We studied the adsorption of CO on PdPt nanoparticles with different metal ratio using theoretical calculations (DFT) and experimental investigations. A model catalyst was employed, where platinum (Pt) and palladium (Pd) were co-deposited via physical vapor deposition on the surface of α-Al2O3(0001). CO was used as a probe molecule for the particles’ surface composition. Polarized infrared reflection absorption spectroscopy (FT-IRRAS) enabled the observation of CO adsorption on top and side facets. The role of the Pd/Pt alloy ratio on the adsorption was investigated by comparing the FT-IRRAS data for different alloy arrangements and pure Pd and Pt nanoparticles.
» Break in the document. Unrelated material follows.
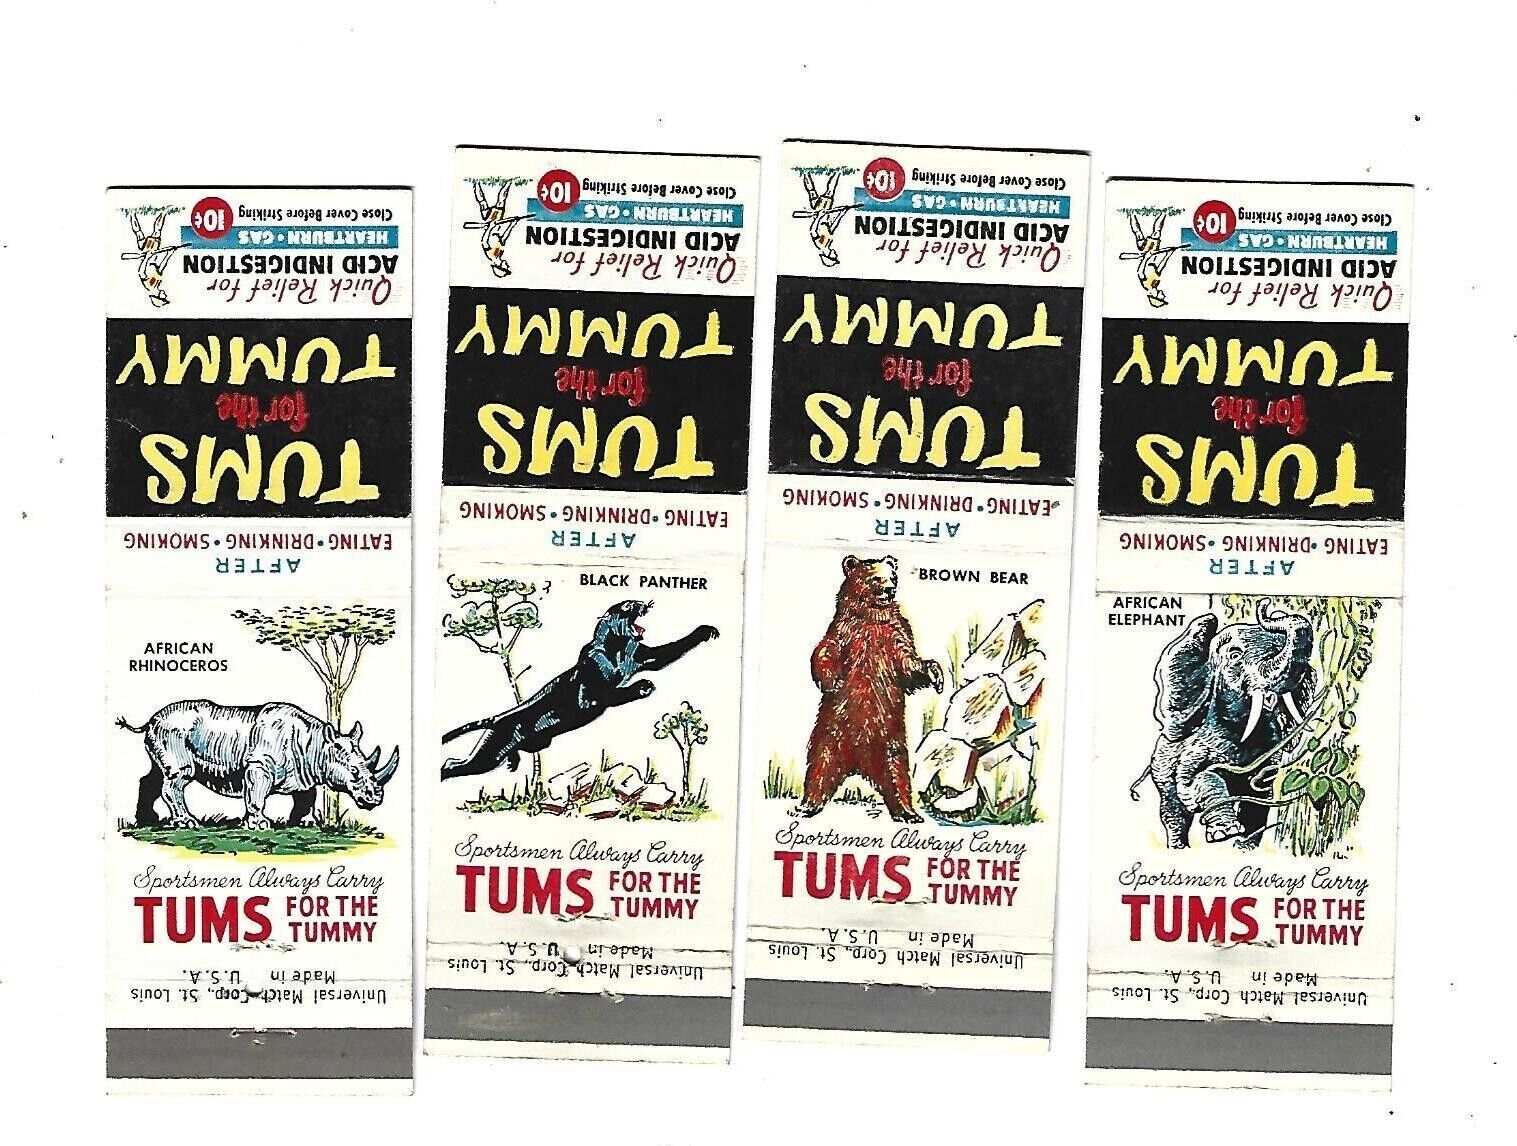 4 Tums for the Tummy - 10 cents    Matchcovers    Wild Animals
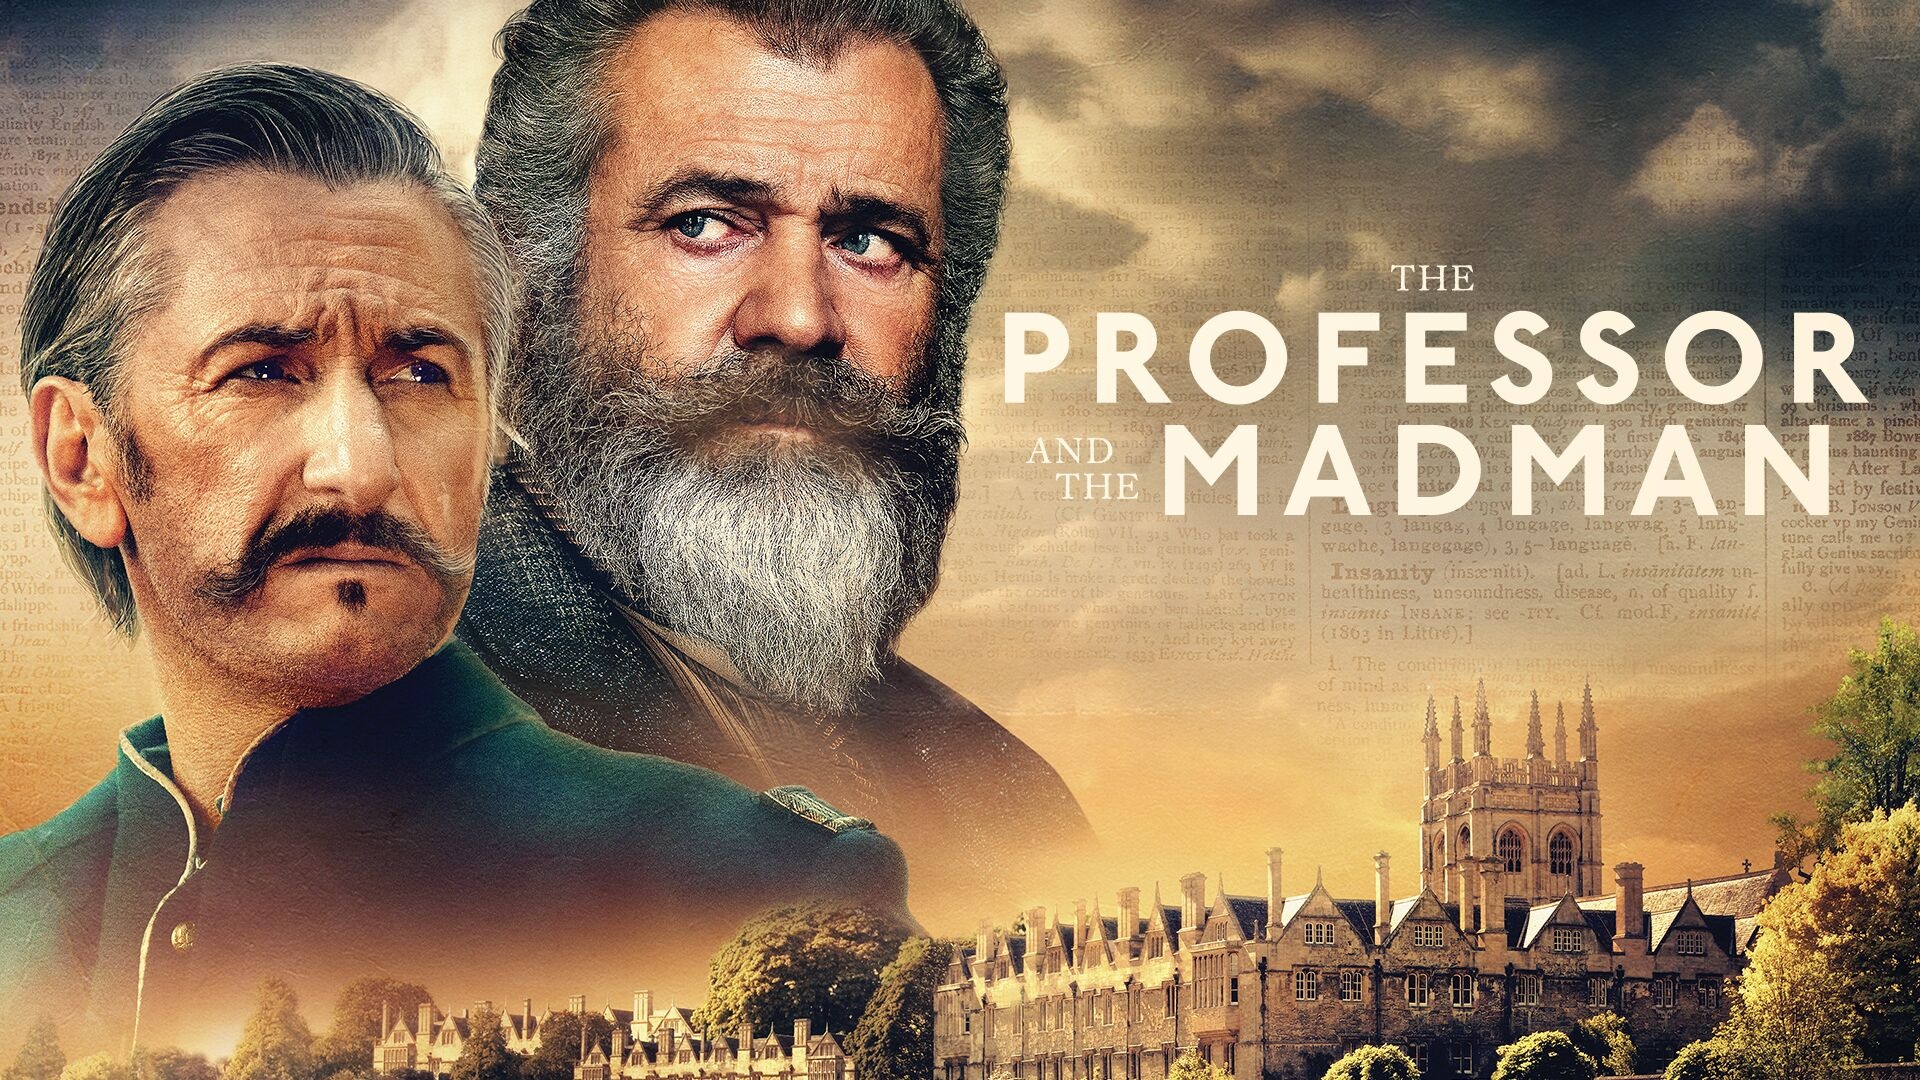 HD wallpaper, The Professor And The Madman, Desktop Full Hd The Professor And The Madman 2019 Wallpaper, 1920X1080 Full Hd Desktop, The Professor And The Madman, The Professor And The, Watch The Professor

The dependence of the IR bands on the local atomic pattern was investigated via DFT calculations, revealing that both bulk alloy composition, as well as nearby atoms, influence the wavenumber of the bands.


CO adsorption

Supplementary materials

Supporting Information - Probing active sites on PdPt alloy nanoparticles
The supporting information contains additional details of the DFT computational methodology, as well as the full CO adsorption spectra (at different dosing steps) at room temperature and at 110 K. Moreover, it contains all data regarding the XRD, XRR and SEM characterization of the nanoparticles and a reference measurement of CO adsorption on a clean Al2O3 single crystal.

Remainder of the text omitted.